Ahead of today’s annual general meeting, the corporate restructuring specialist said he had acted in line with forecasts in the three months to the end of July, thanks to strong activity levels in both business segments.

Among his recent appointments was Avonside Group, Britain’s largest roofer, whose collapse followed a period of heavy expansion, accounting problems and disruption caused by the pandemic.

Strong performance: business restructuring specialist Begbies Traynor said it had traded in line with forecasts in the three months to the end of July

Strong performance: business restructuring specialist Begbies Traynor said it had traded in line with forecasts in the three months to the end of July

Begbies Traynor managed to save 79 jobs by selling nine of the company’s roofing divisions, but had to close the remaining roofing divisions and the plumbing business.

Other appointments have included Silverbond Enterprises, the one-time operator of Park Lane Casino in London’s Mayfair, and short-term holiday operator Houst.

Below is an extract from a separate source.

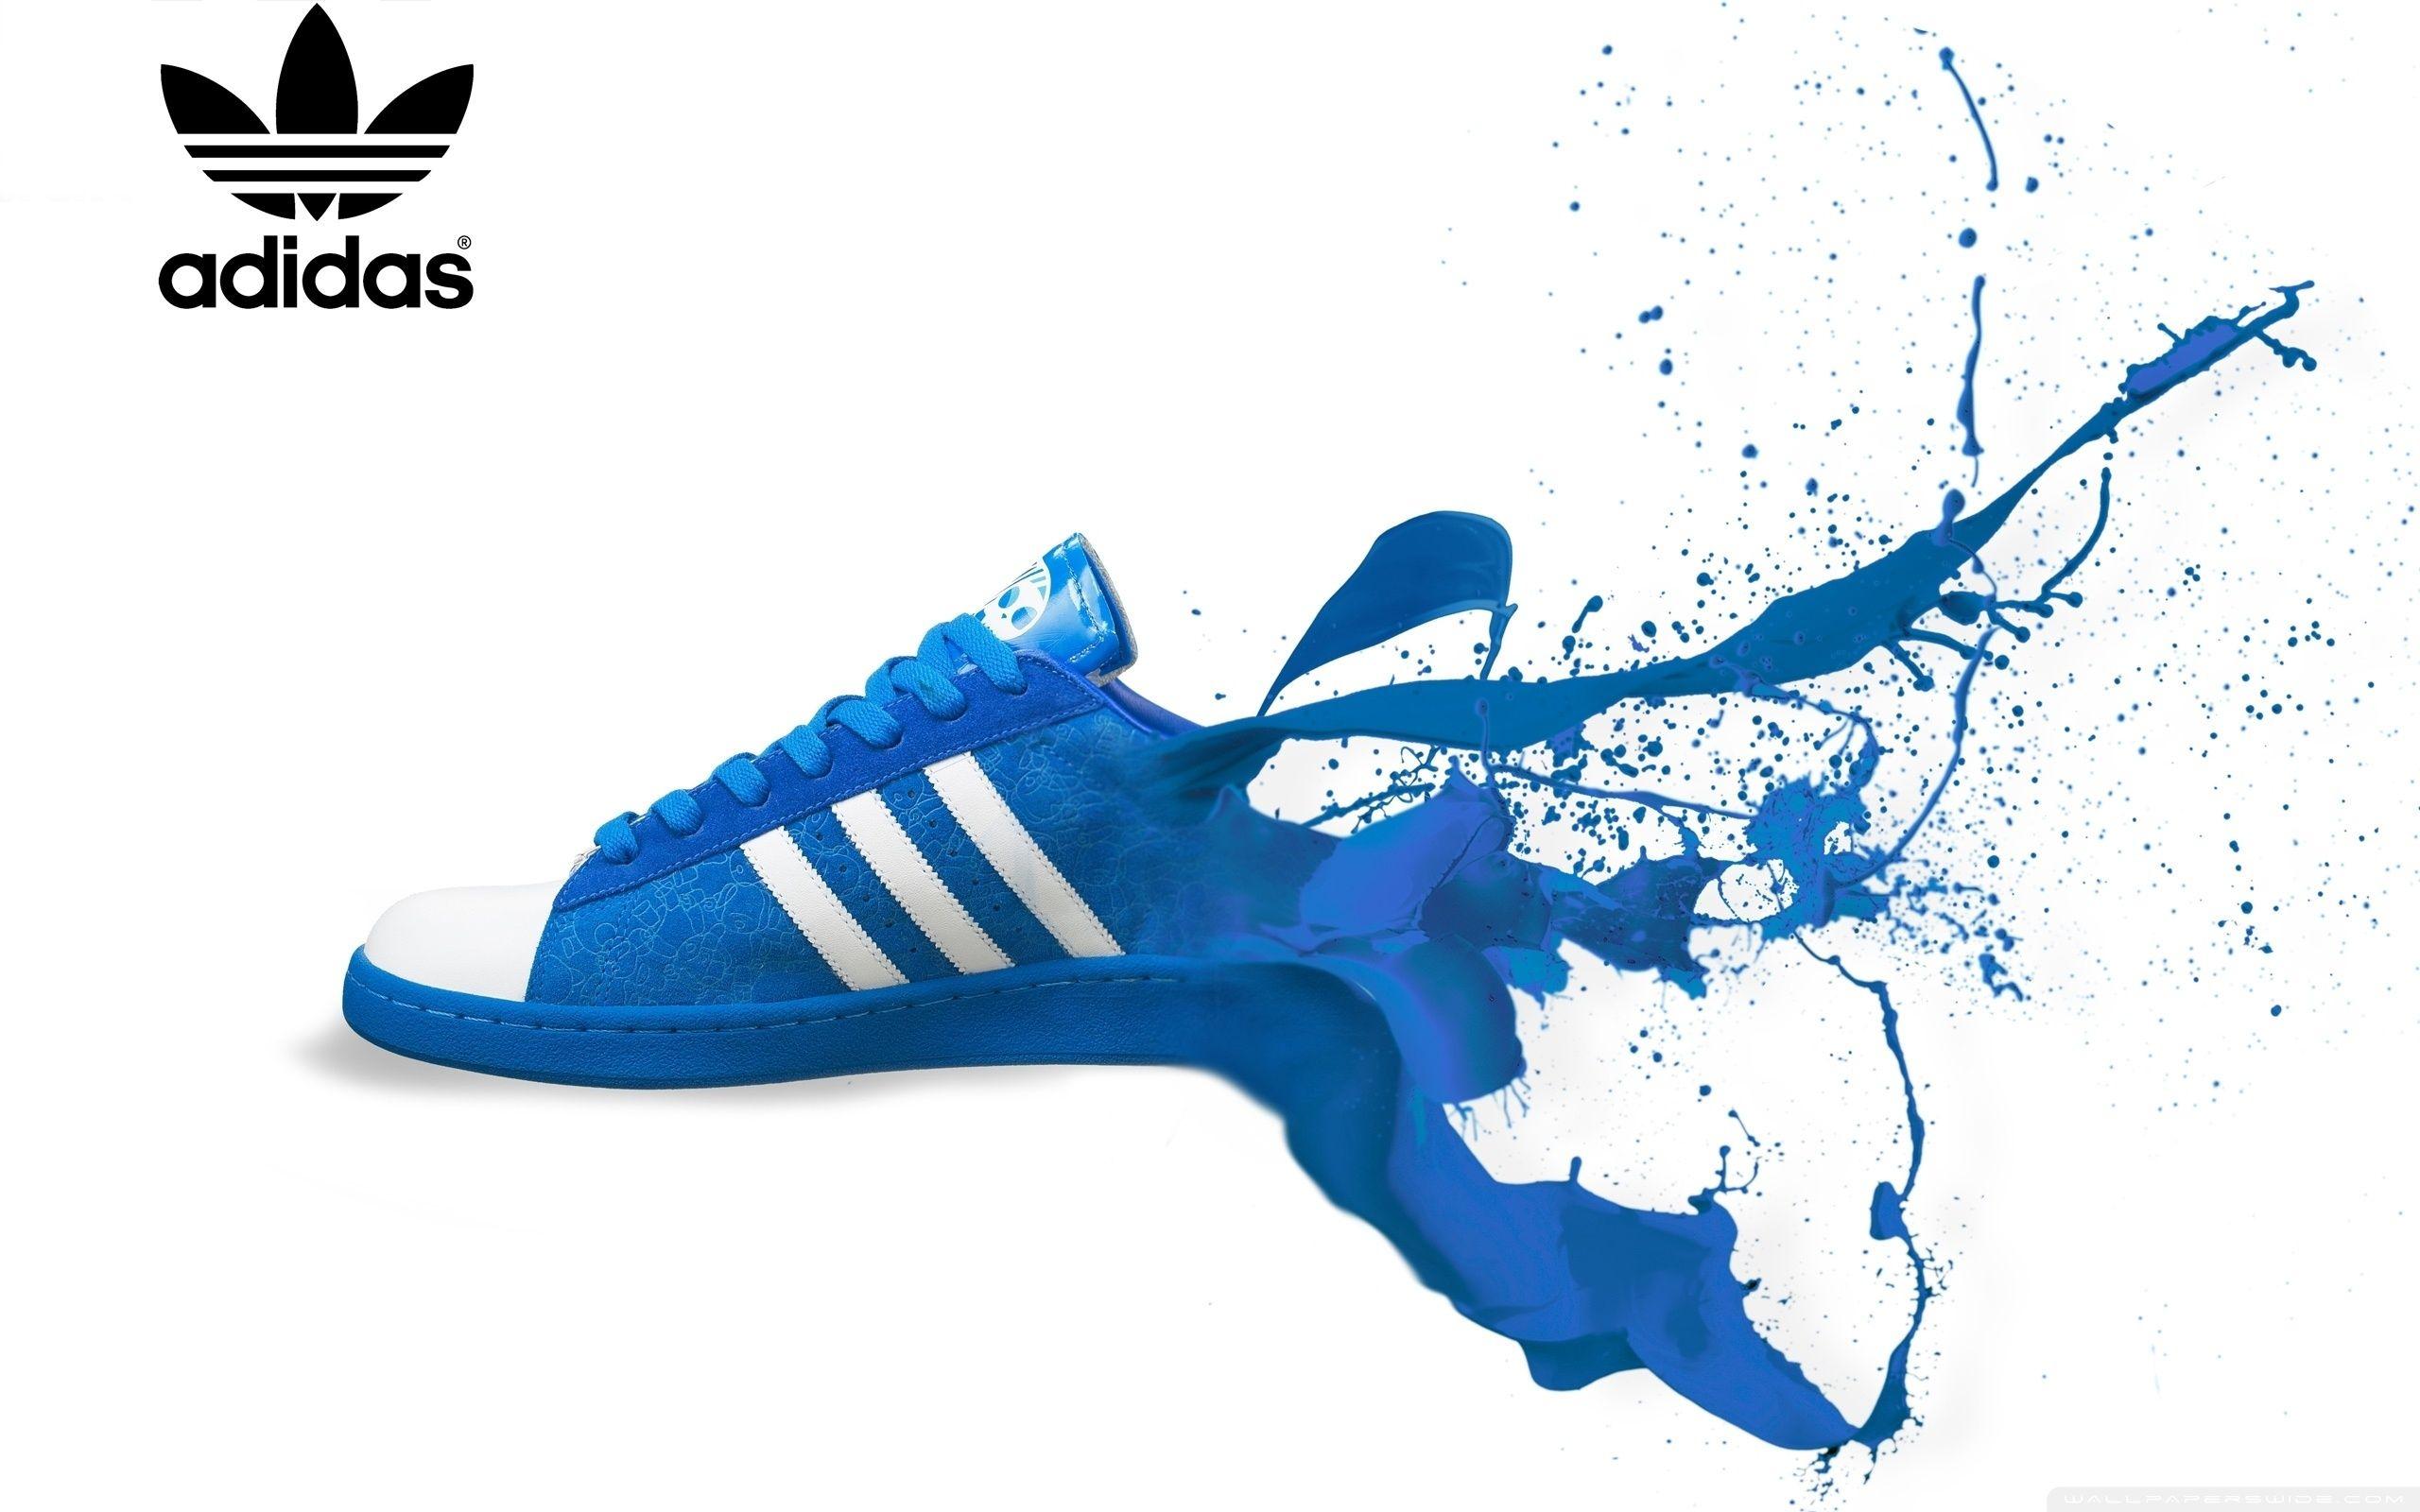 adidas shoes 90's design elements vector art backgrounds 597

Begbies Traynor previously predicted it would benefit from a wave of businesses under administration as Covid-related public aid programs were phased out and limits on creditor action were lifted.

Voluntary liquidations by companies in England and Wales from April to June reached the highest quarterly level in more than six decades, according to figures from the Insolvency Service.

This caused the total number of corporate insolvencies to rise 81 percent year-over-year from 3,105 to 5,629 during the period.

There is a good chance that the number of bankruptcies will remain high in the coming year as a result of rising energy prices, interest rate hikes and weaker economic growth.

Two months ago, Ric Traynor, executive chairman of Begbies Traynor, said he would hire up to 100 additional employees by the end of April, ahead of the increase in bankruptcies.

As a result of this outlook, the Manchester-based company said today it is confident it will achieve full-year adjusted profit before tax of £19.7 million to £20.6 million.

“Overall, the group remains in a strong position,” the company added.

“Our scale, capabilities and broad expertise give us the opportunity to continue to help our customers meet the challenges of the coming year.”

Over the past four years, Begbies Traynor has more than doubled annual revenues from £52million to £110million and increased adjusted pre-tax profits from £5.6million to £17.8million.

Begbies Traynor shares rose 2.3 percent at 144.2 pence late Thursday afternoon, meaning their value is up more than 23 percent in the past six months.